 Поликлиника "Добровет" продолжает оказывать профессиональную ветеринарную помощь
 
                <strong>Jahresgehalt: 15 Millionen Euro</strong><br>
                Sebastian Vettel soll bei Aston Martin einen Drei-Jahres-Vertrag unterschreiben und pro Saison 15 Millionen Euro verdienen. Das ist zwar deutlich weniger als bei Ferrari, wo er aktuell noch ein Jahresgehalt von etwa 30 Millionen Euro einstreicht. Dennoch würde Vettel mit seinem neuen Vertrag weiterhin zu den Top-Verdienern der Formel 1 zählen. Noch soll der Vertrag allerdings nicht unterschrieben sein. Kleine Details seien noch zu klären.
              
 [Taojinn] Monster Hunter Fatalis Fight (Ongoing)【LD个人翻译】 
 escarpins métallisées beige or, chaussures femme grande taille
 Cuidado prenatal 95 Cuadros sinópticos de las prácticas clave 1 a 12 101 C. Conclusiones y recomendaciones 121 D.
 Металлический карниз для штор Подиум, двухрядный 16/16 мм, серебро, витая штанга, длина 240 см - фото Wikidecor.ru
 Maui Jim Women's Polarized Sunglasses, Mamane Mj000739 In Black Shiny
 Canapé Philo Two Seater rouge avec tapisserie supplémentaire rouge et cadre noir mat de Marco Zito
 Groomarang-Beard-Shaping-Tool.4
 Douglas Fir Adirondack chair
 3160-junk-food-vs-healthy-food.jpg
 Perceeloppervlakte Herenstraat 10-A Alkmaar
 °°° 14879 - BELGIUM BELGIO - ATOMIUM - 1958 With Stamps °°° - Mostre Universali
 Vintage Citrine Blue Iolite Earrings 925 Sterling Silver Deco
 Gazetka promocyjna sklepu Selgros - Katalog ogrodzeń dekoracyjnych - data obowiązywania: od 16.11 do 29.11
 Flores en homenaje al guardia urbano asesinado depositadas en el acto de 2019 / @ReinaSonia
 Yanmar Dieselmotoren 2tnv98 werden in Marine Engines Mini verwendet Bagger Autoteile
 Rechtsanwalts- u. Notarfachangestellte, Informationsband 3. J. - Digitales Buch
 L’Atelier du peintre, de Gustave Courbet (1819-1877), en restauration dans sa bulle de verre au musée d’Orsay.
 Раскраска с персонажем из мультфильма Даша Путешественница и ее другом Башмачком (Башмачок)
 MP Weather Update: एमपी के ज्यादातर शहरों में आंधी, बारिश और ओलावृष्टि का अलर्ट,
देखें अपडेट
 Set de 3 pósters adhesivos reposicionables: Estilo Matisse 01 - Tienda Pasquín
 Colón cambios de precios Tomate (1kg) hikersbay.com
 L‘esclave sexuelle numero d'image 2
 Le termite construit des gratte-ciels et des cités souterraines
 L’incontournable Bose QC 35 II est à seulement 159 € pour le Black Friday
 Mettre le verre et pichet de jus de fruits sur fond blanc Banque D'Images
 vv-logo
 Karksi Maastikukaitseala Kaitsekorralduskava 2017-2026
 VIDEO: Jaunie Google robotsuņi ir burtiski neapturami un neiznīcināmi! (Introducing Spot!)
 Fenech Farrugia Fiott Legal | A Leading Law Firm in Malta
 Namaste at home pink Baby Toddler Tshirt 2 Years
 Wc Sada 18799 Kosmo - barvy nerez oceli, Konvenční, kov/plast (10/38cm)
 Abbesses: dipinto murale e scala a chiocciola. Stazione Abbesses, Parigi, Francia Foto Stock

# [YOUR INSTRUCTIONS]
Output exactly the lines from the one with "Colón cambios de" through the final line of the listing above.

# [TASK RESULT]
 Colón cambios de precios Tomate (1kg) hikersbay.com
 L‘esclave sexuelle numero d'image 2
 Le termite construit des gratte-ciels et des cités souterraines
 L’incontournable Bose QC 35 II est à seulement 159 € pour le Black Friday
 Mettre le verre et pichet de jus de fruits sur fond blanc Banque D'Images
 vv-logo
 Karksi Maastikukaitseala Kaitsekorralduskava 2017-2026
 VIDEO: Jaunie Google robotsuņi ir burtiski neapturami un neiznīcināmi! (Introducing Spot!)
 Fenech Farrugia Fiott Legal | A Leading Law Firm in Malta
 Namaste at home pink Baby Toddler Tshirt 2 Years
 Wc Sada 18799 Kosmo - barvy nerez oceli, Konvenční, kov/plast (10/38cm)
 Abbesses: dipinto murale e scala a chiocciola. Stazione Abbesses, Parigi, Francia Foto Stock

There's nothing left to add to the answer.